I walk out of my bedroom and into the kitchen to make myself a coffee. When the coffee is ready I pour it into a mug, add milk and a sugar and take long sips, hoping to get rid of my headache. While I drink it, I decide to answer my messages. I open my phone again and answer my mother’s text first. The next one is an unknown number that is asking how I was feeling. I didn’t know who it was so I texted back asking for their name. A television remote sits on the kitchen table and I grab it and point it at the small TV to turn it on; it flicks on to the news. It talks about a parade that is going on in Brooklyn. As they are showing footage I get a text back from the unknown number.

‘It’s Marina. From last night?’ The message says.

Marina. It takes me a while to remember…oh yes it was the woman who had helped me last night. I reply to her message with ‘oh, Marina. I’m fine how are you?’

I try as hard as I can to remember last night. I remember that I got shit faced and I remember crying into Marina’s shoulder but nothing else. Wasn’t I just a mess, getting drunk almost every night since the breakup? I really needed to get it off my mind. I look around my empty apartment. I remember when it wasn’t so empty, when Jimmy wandered the place in his bath robe. I needed to get out.

My phone beeps again and shows that I received another text message. ‘Glad to hear you’re better. I’m fine as well.’

I take a last sip of coffee and put my mug in the sink. I take my phone from the kitchen table and text Marina back as I walk to my room. ‘Good. Do you have any plans for today?’

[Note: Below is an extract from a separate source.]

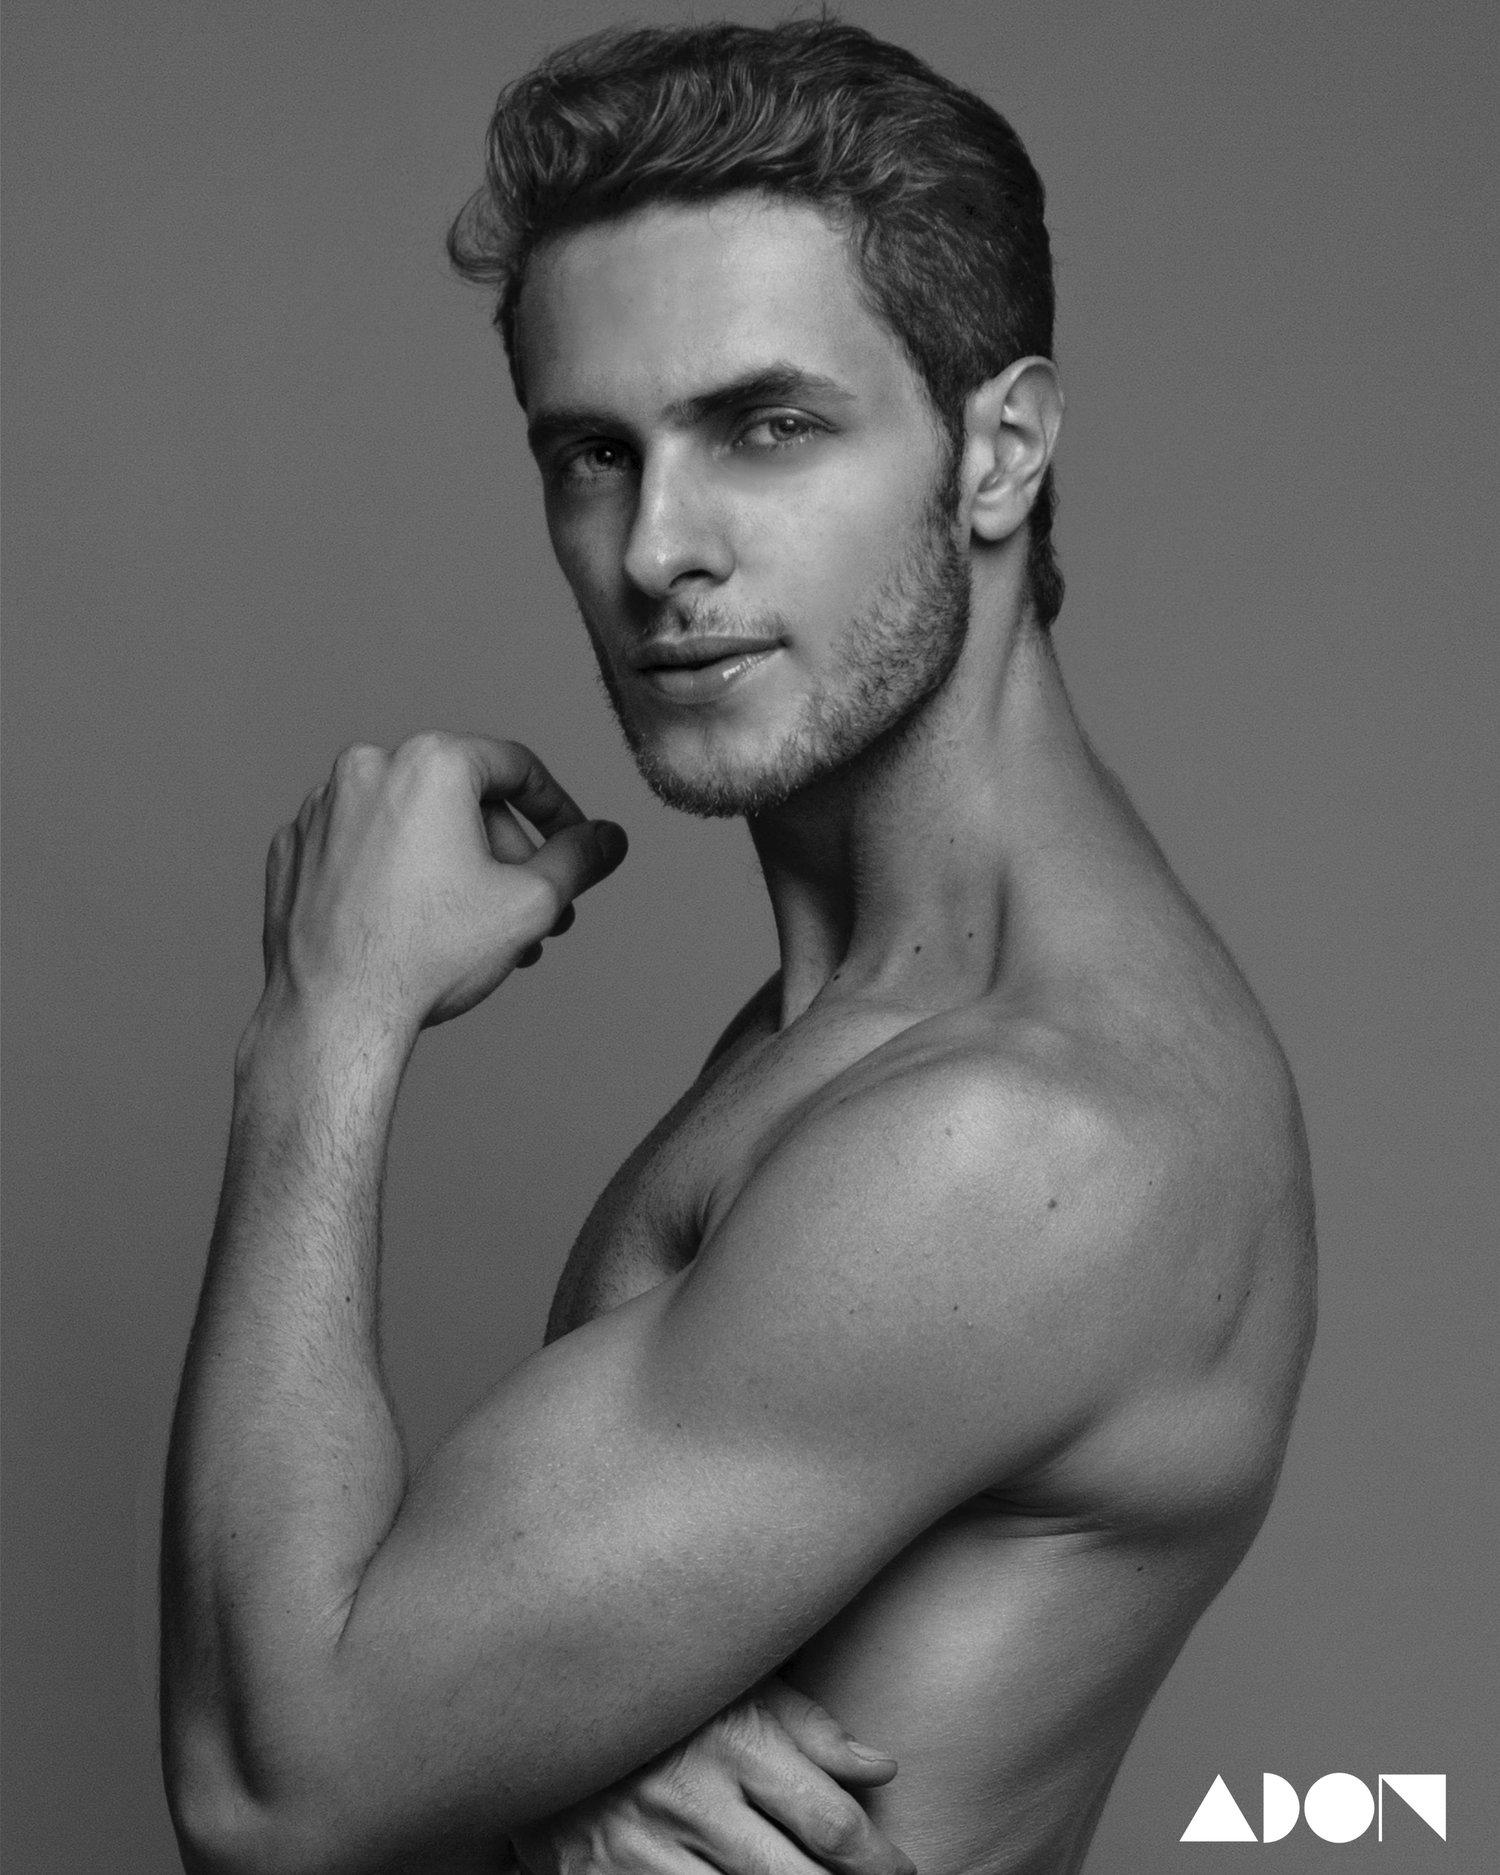 Adon Exclusive: Model Gabriel Ramos By Sandy Lang

When in my room, I strip of my pants and shirt and put on a brand new outfit. I really need to get out of the apartment if I wanted to keep my mind off of Jimmy. I stand in front of the mirror in my room and fix my auburn hair and make-up so it looks as if I’ve been awake longer than only half an hour. I’m about to re-apply my lip-gloss when I get a call. It’s Marina.

I answer, “Hello?”

"Hey. I don’t have any plans,” she says. I had forgotten about her accent. “Do you want to do something?”

I'm immediately relieved when she said she was free. I would have gone out anyway but being with someone is always better. “Yes,” I say. “Do you want to grab something to eat?”

“Sure,” she says and we make plans to meet up at a café in SoHo.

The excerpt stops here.